Demonstrates: A Recurrent Temporal RBM (RTRBM) — an RBM whose hidden bias at time t is shifted by W_h r_{t-1} — can model continuous video of three balls bouncing in a box. The recurrent matrix W_h is the only structural addition over a per-frame RBM.

bouncing-balls-3 RTRBM training animation

Problem

Visible: 30 × 30 = 900 binary pixels (anti-aliased disks rendered by the simulator; values in [0, 1]).
Hidden: 100 binary hidden units.
Recurrent: a 100 × 100 hidden-to-hidden matrix W_h. This is the only structural difference between an RTRBM and a per-timestep RBM.
Sequences: 30 sequences of length 100 generated fresh per run by a Newtonian simulator (3 balls, radius 3, speed 1, elastic wall and ball-ball collisions).

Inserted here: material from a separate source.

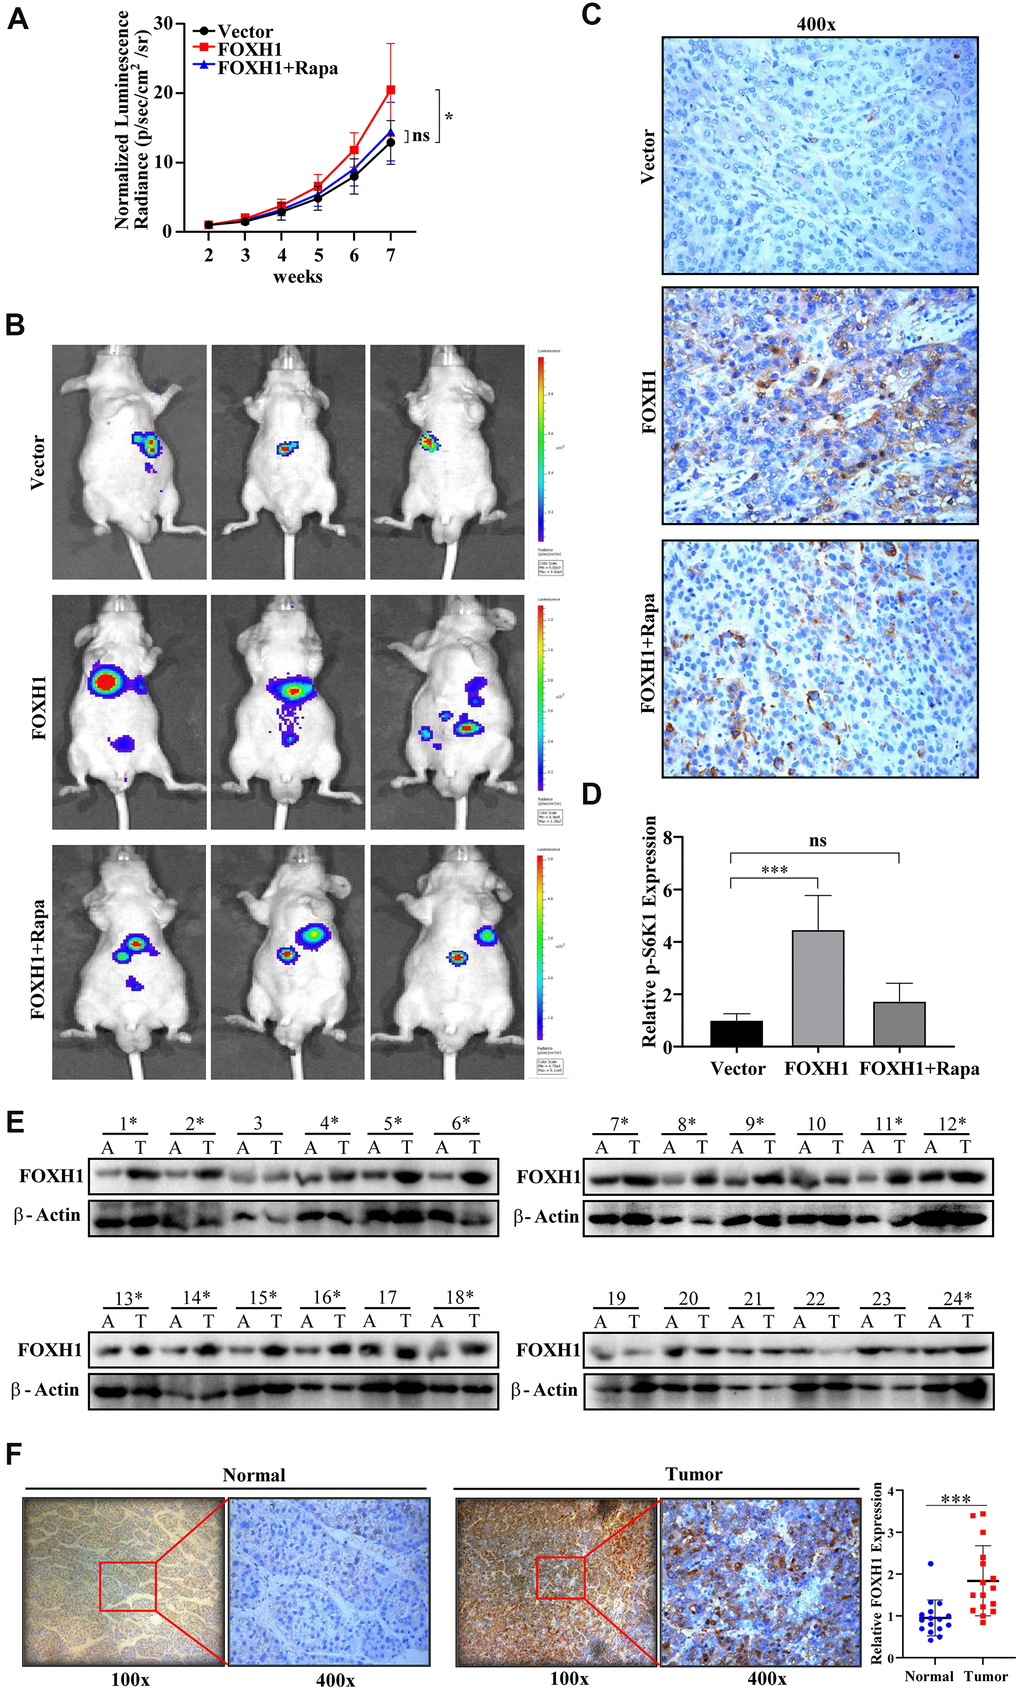 In vivo and clinical evidence confirmed the oncogenic role of FOXH1 in HCC development. (A) The HA22T tumor growth curve. (B) Representative images of HA22T tumors. (C) p-S6K1 staining showed that FOXH1 promoted HA22T tumor growth was dependent of mTOR activation. (D) A statistical analysis of p-S6K1 level. (E) Western blotting analysis of FOXH1 in 24 HCC samples with their paired adjacent liver tissues. (F) IHC staining of FOXH1 in HCC samples using their corresponding adjacent liver tissues as controls. Left, representative image of FOXH1 staining in slides made from patient 1#. Right, statistical analysis of FOXH1 staining. Scale bar: 25 μm. *P

The interesting property: bouncing balls have deterministic-ish trajectories interrupted by stochastic collisions, so the next frame is almost — but not quite — predictable from the current one. A pure per-frame RBM can model the marginal pixel distribution, but it has no way to express which way the ball is going. The RTRBM gets velocity for free by passing the mean-field hidden expectation r_t into the next step’s hidden bias. The same hidden code that “explains” frame t also “primes” the units that will explain frame t+1.

The RTRBM defines

p(v_{1:T}) = ∏_t p(v_t, h_t | r_{t-1})
r_t        = E[h_t | v_{1:t}] = σ(W v_t + b_h + W_h r_{t-1})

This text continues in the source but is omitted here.